Material provided:
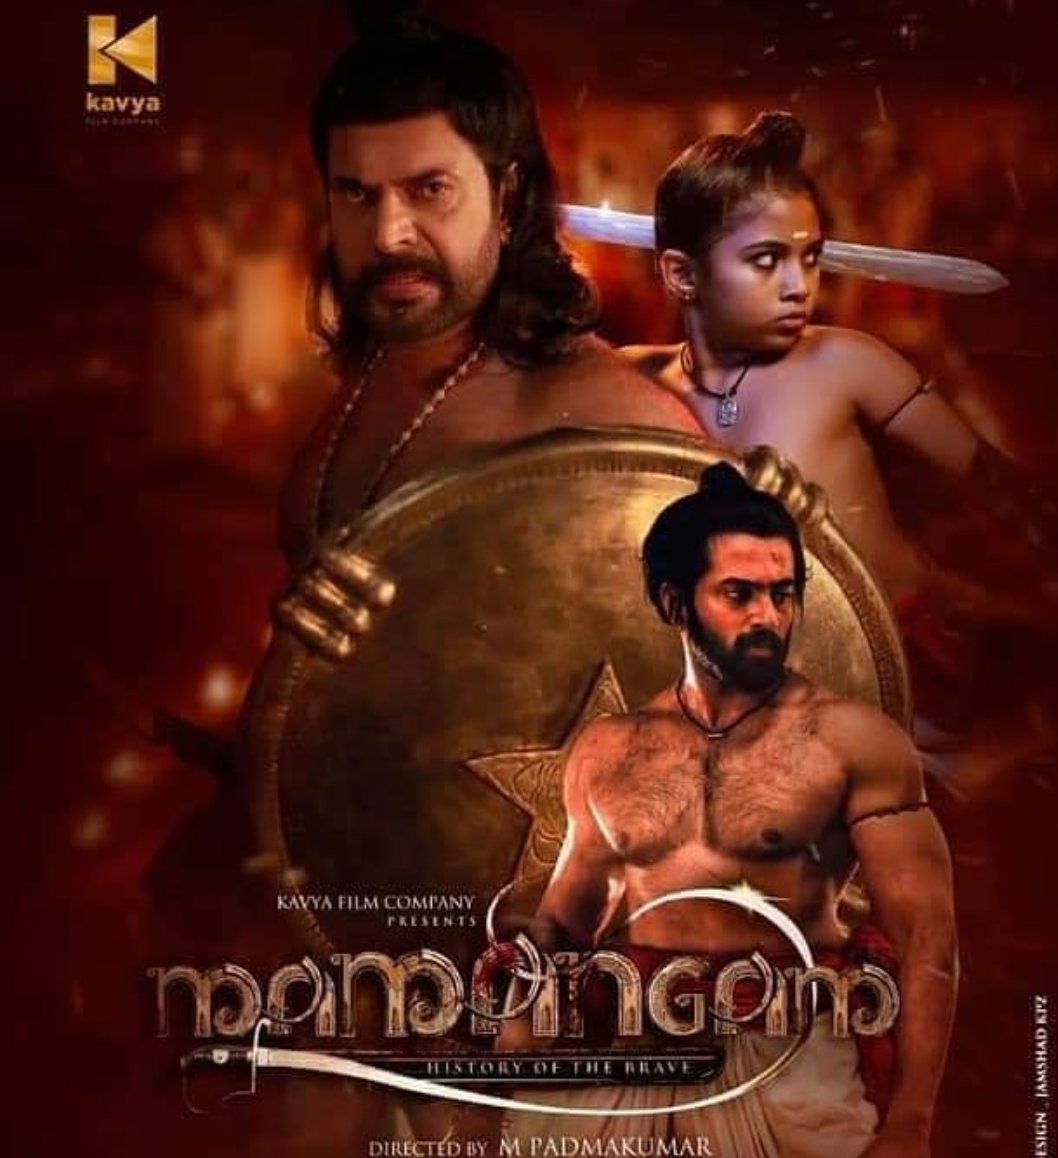 #Mamangam 5*****
@mammukka's feminine costume was a delighter for all #MammootyFans.
@mammukka as usual his acting in this movie has no words. #Unnimukudan & #Manikuttan both have done their part best. The amazing part is, the stunts of the child artist is superb & truly amazing.

About this task:
Output the material above exactly as written and drop any images it holds.

Finished task:
 #Mamangam 5*****
@mammukka's feminine costume was a delighter for all #MammootyFans.
@mammukka as usual his acting in this movie has no words. #Unnimukudan & #Manikuttan both have done their part best. The amazing part is, the stunts of the child artist is superb & truly amazing.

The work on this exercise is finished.